The brutal stabs of a button knife on Naveena’s head, neck and stomach had caused potentially fatal injuries. The delay in taking her to a hospital killed her.

Advocate Subhash S, who was among the first to reach a profusely bleeding Naveena a few minutes after the attack said she was breathing and her eyes were half open.

Subhash was in the library when he heard the commotion at around 1.35 pm. Downstairs, in the corridor outside Court Hall No 2, which overlooks Cubbon Park, he saw Naveena sprawled on the floor in a pool of blood. “Her gown was partially covering her face. When I moved the gown aside, I noticed a flutter in her eyes. I yelled out saying she was alive and should be rushed to a hospital,” he said.
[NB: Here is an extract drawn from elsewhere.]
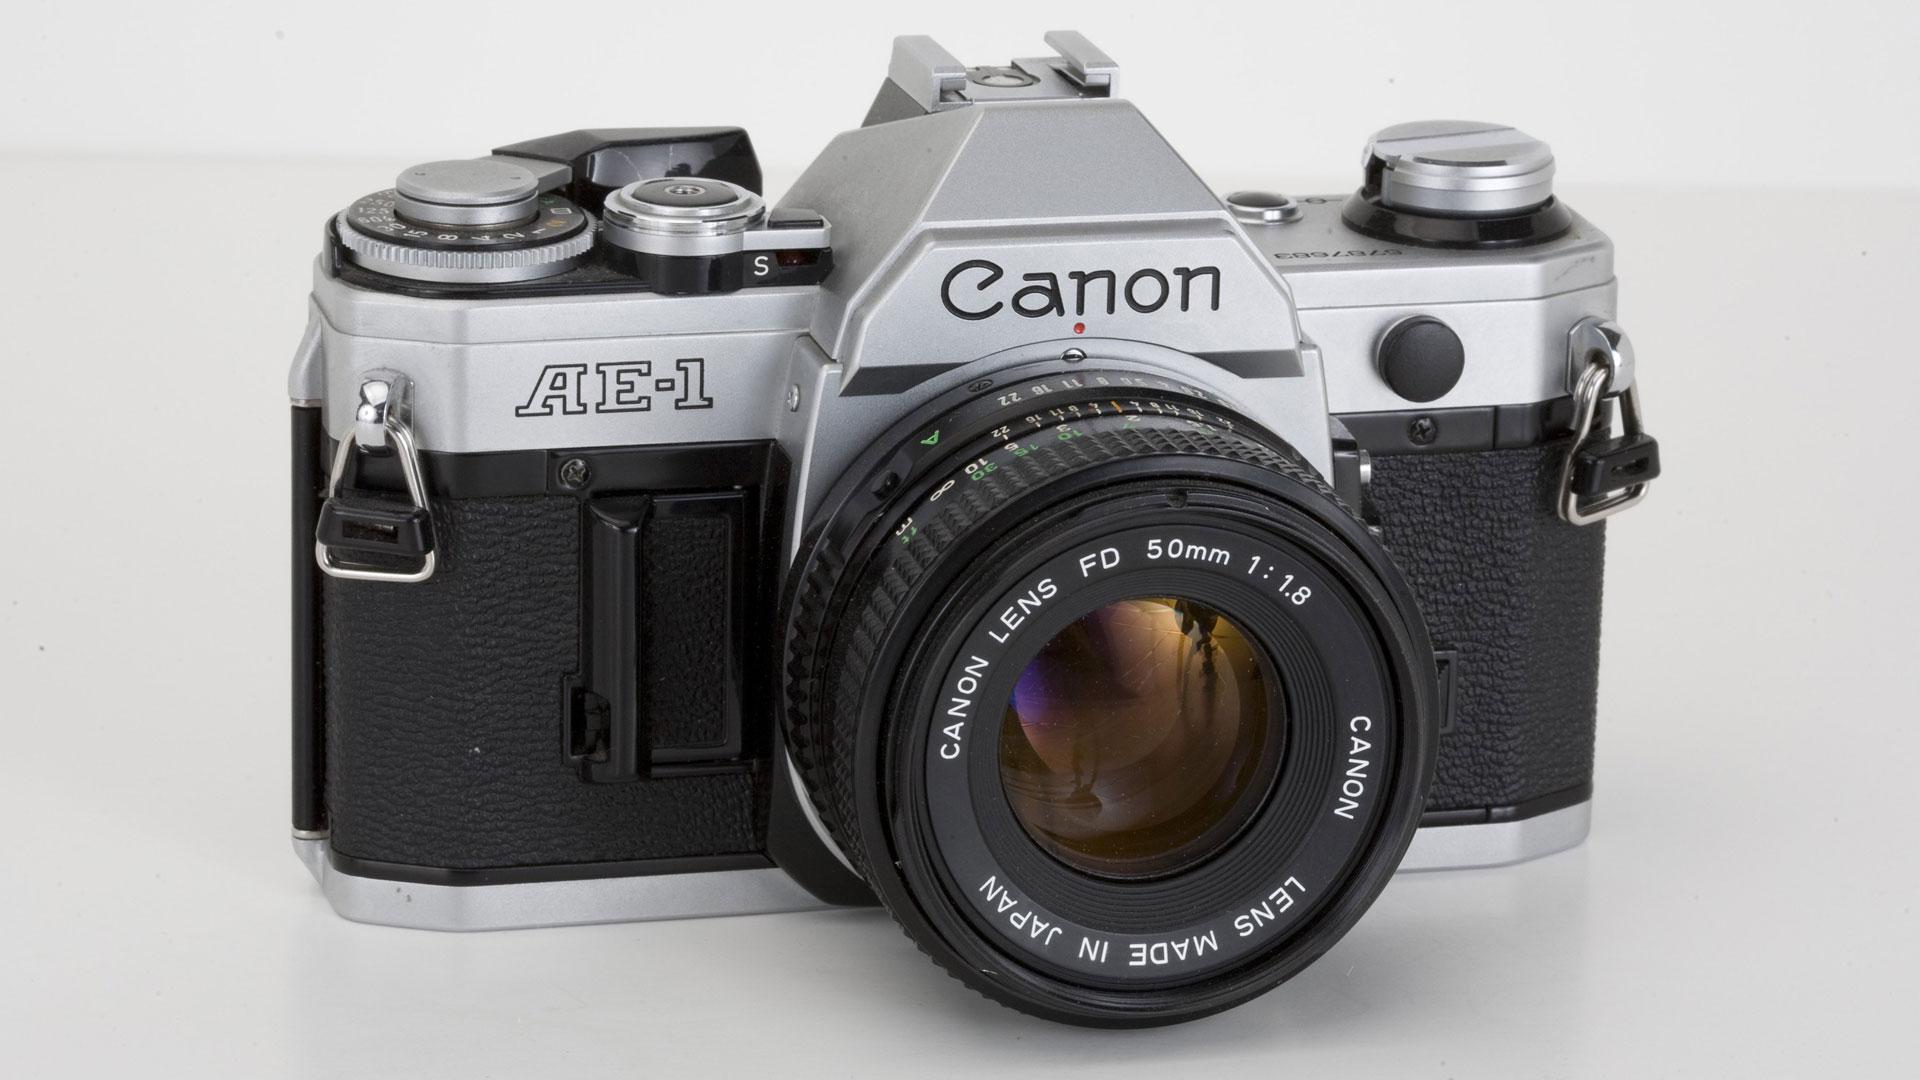 The best film cameras in 2019: cameras that recapture the magic of film | Digital Camera World
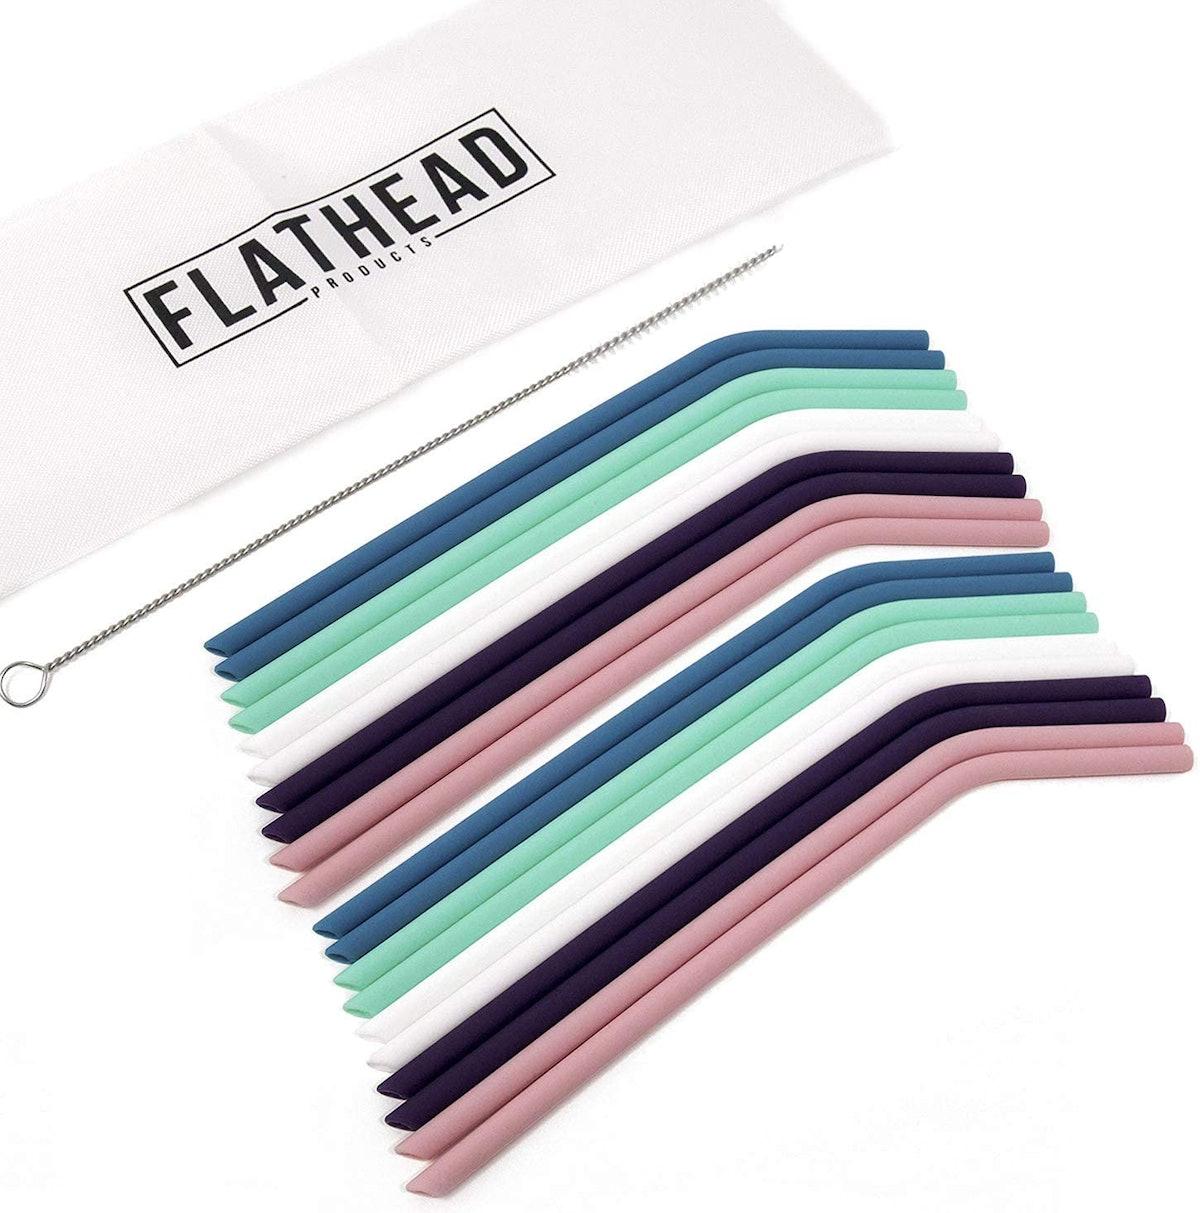 Flathead Reusable Silicone Straws (20-Pack)

 Police take away Naveena’s body from the High Court premises

There are four hospitals in close proximity of the high court — Martha Hospital, Wockhardt Hospital, Mallya Hospital and Bowring Hospital. All four are not more than ten minute’s drive from the high court. If the cop on the scene had shown some presence of mind and rushed Naveena to one of them, she could have been saved.

Advocate Subramanya Jois, who tried to give Naveena some water, agrees the delay in taking Naveena to a hospital proved fatal. “The delay killed her. She was breathing when I offered her water,” he said.

Advocate Shankar Narayan Rao, who called 108, was asked so many questions that at one point he was heard screaming, “I am the registrar general of the high court. Please send an ambulance immediately.”
The ambulance arrived at 2.05 pm and left for Bowring Hospital at 2.20 pm.